Lord Carloway continued: “No error on the part of the sheriff has been discovered which would justify interfering with his decision. Where a default has occurred, and decree granted against the defaulter, the appellate court will look at the whole circumstances (including any new explanation for the default) in order to determine whether, nevertheless, the interests of justice require its recall.
“This is what the SAC did. The Sheriff Principal (Lewis) also deduced that the appellant was continuing to employ delaying tactics and had poor prospects of success in her defence to the action. The court agrees with that analysis.”
However, the court expressed concern in relation to the grant of permission to appeal.
“Such permissions may only be granted if there is an important point of principle or practice raised or there is some other compelling reason for the court to hear the appeal,” the Lord President said.

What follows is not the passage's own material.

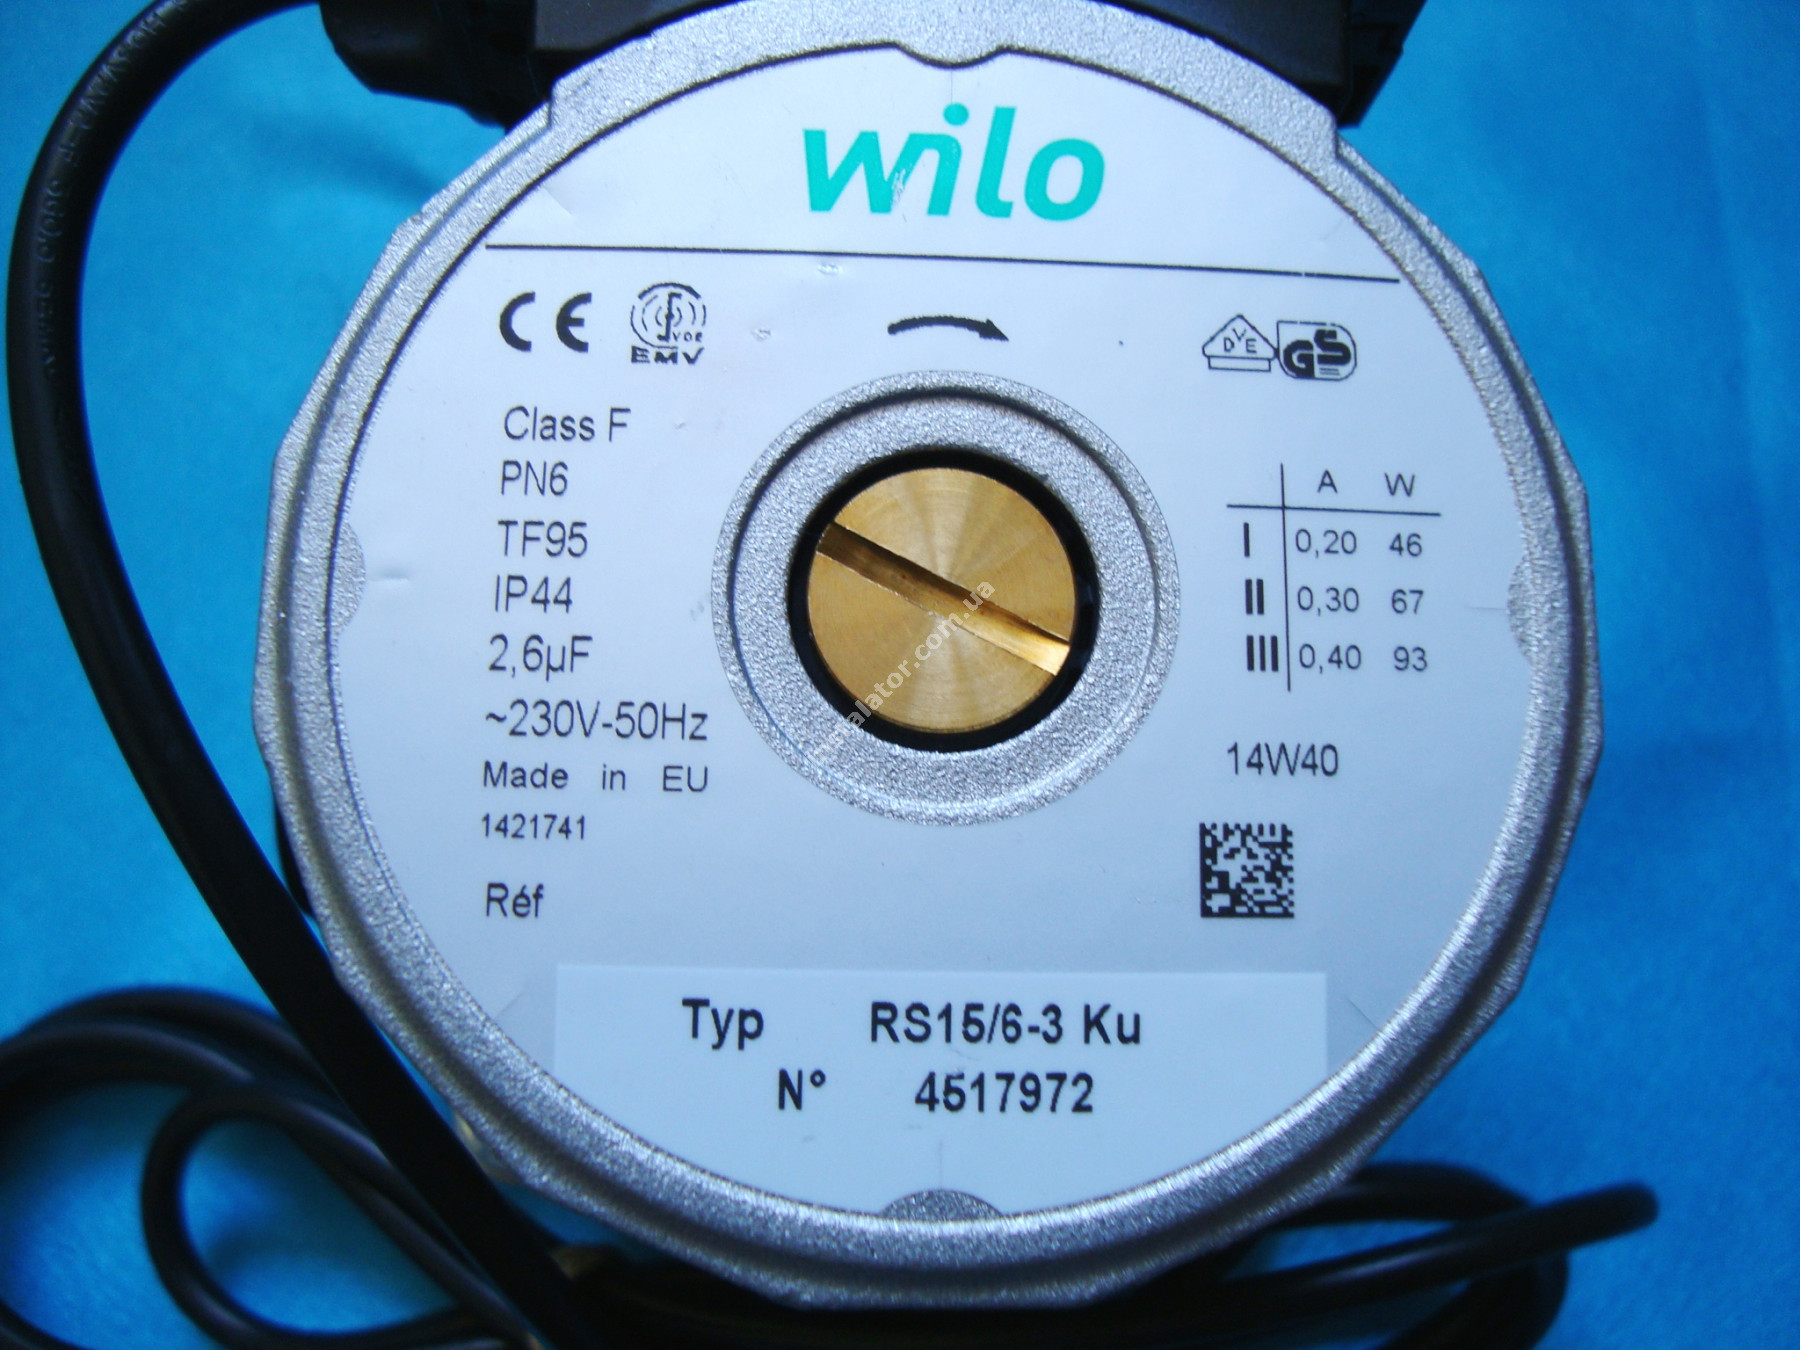 Циркуляційний насос Wilo RS 15/6 база 130 full-image-5

He added: “Notwithstanding the terms of the appellant’s application for permission, the court has been unable to find any basis for the view this appeal, which sought to review a discretionary decision of a sheriff, on a matter concerning sheriff court procedure which had already been reviewed by the Sheriff Appeal Court, raises any point of principle or practice, far less an important one, or that there was a compelling reason for the court to hear the appeal.”